◆ WORK TO BE COMPLETED: Using only the entries below, copy exactly the lines that begin at the one with "Future News Website Design" and end at the one with "adidas grey tubular shadow trainers", both included. Drop the pictures.

◆ EXERCISE MATERIAL:
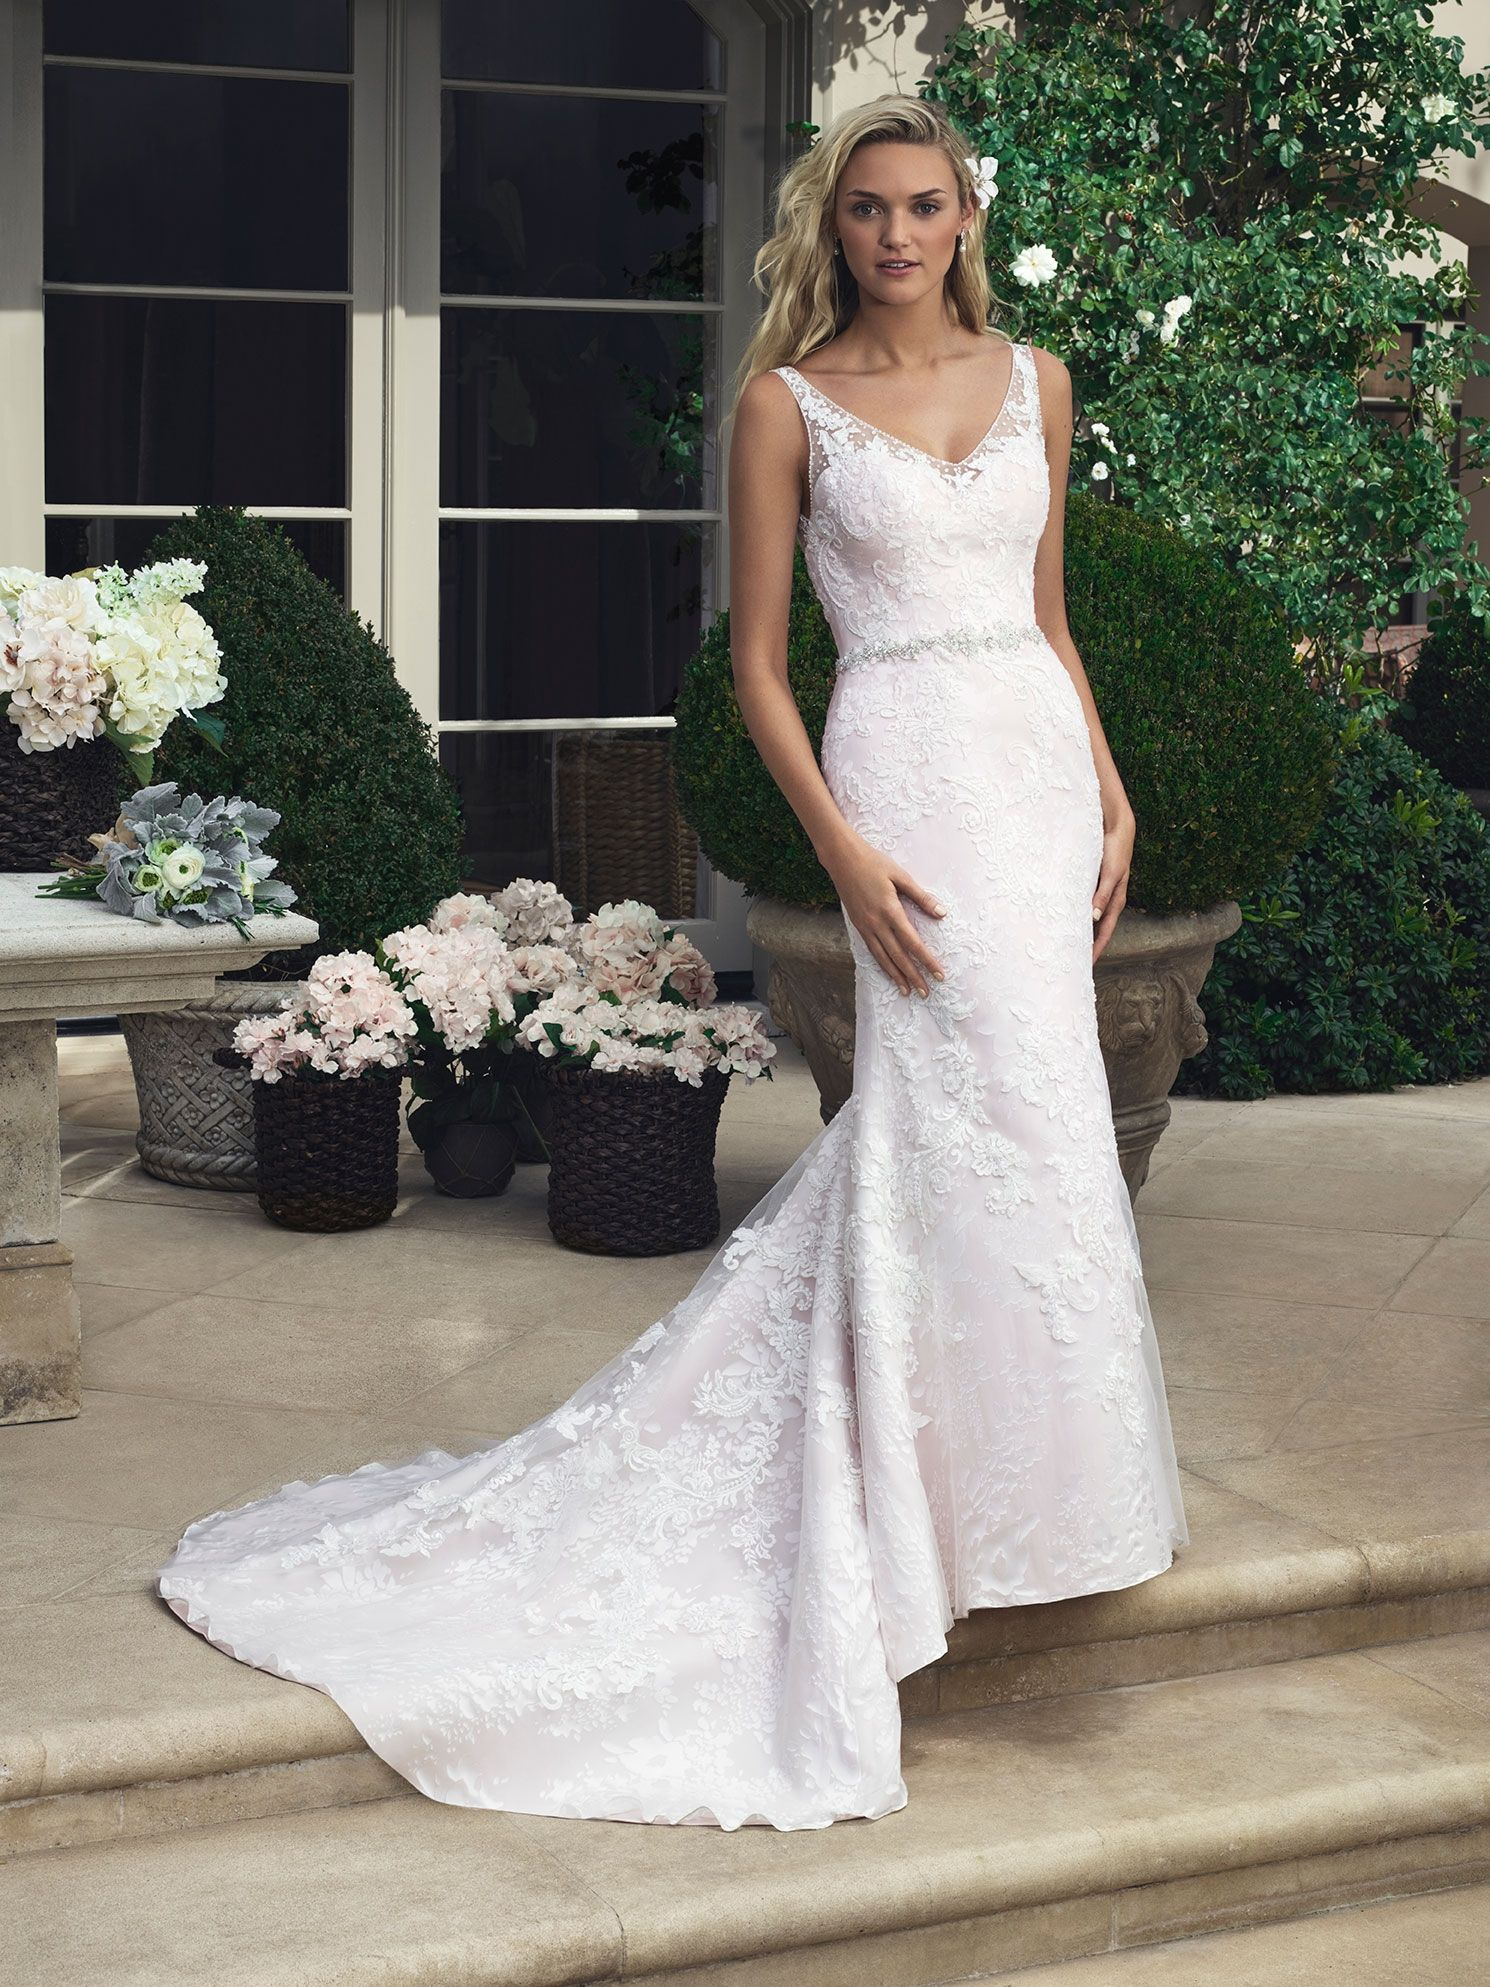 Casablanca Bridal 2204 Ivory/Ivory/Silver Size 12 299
--
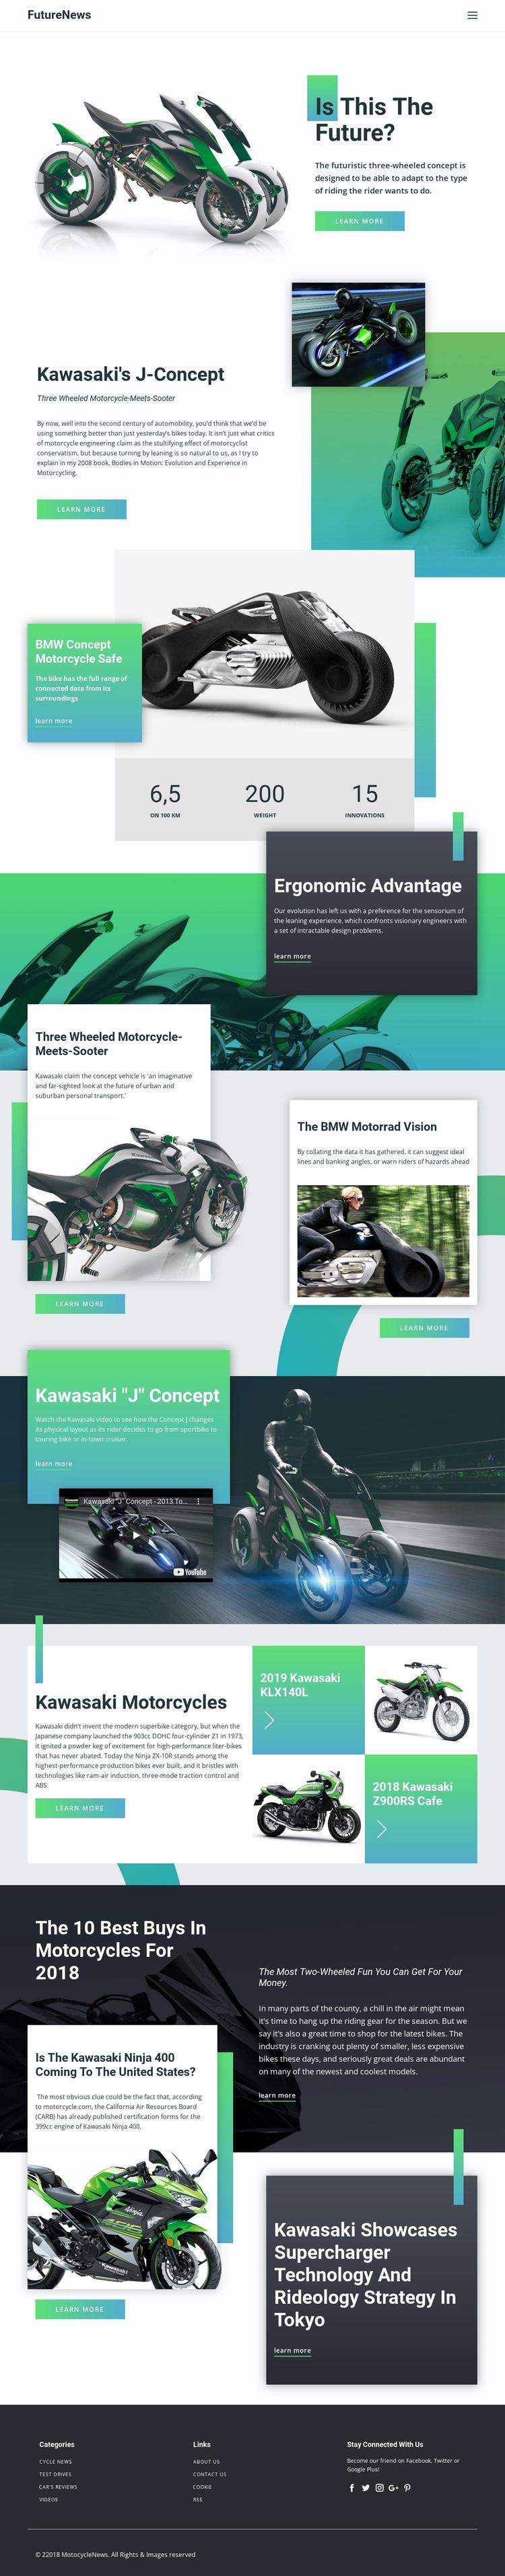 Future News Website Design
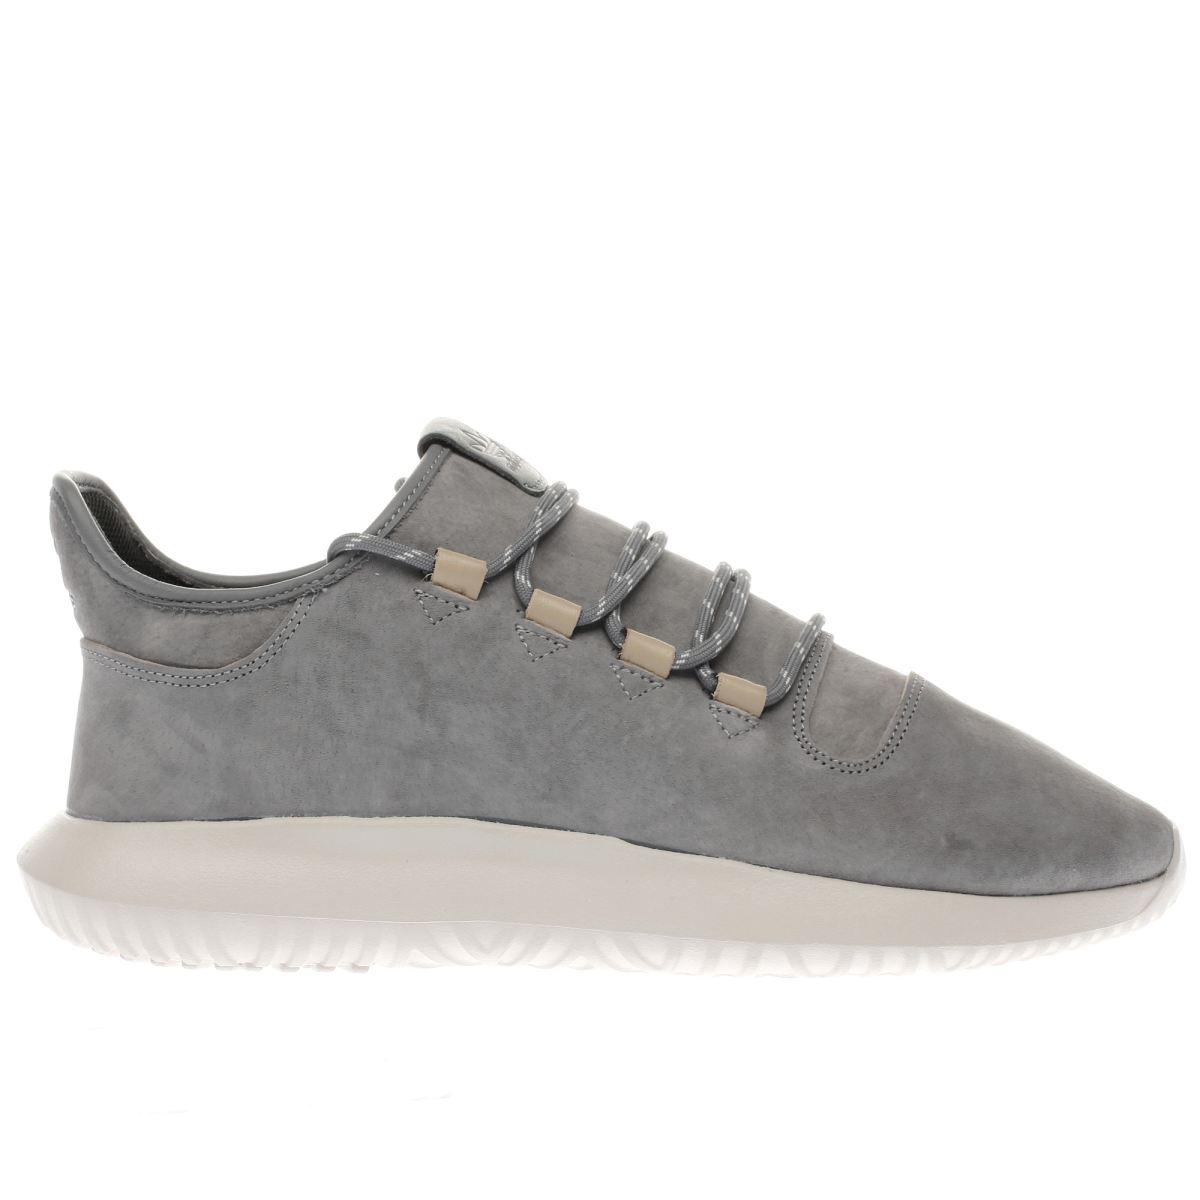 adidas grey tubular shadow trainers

◆ EXERCISE SOLUTION:
 Future News Website Design
 adidas grey tubular shadow trainers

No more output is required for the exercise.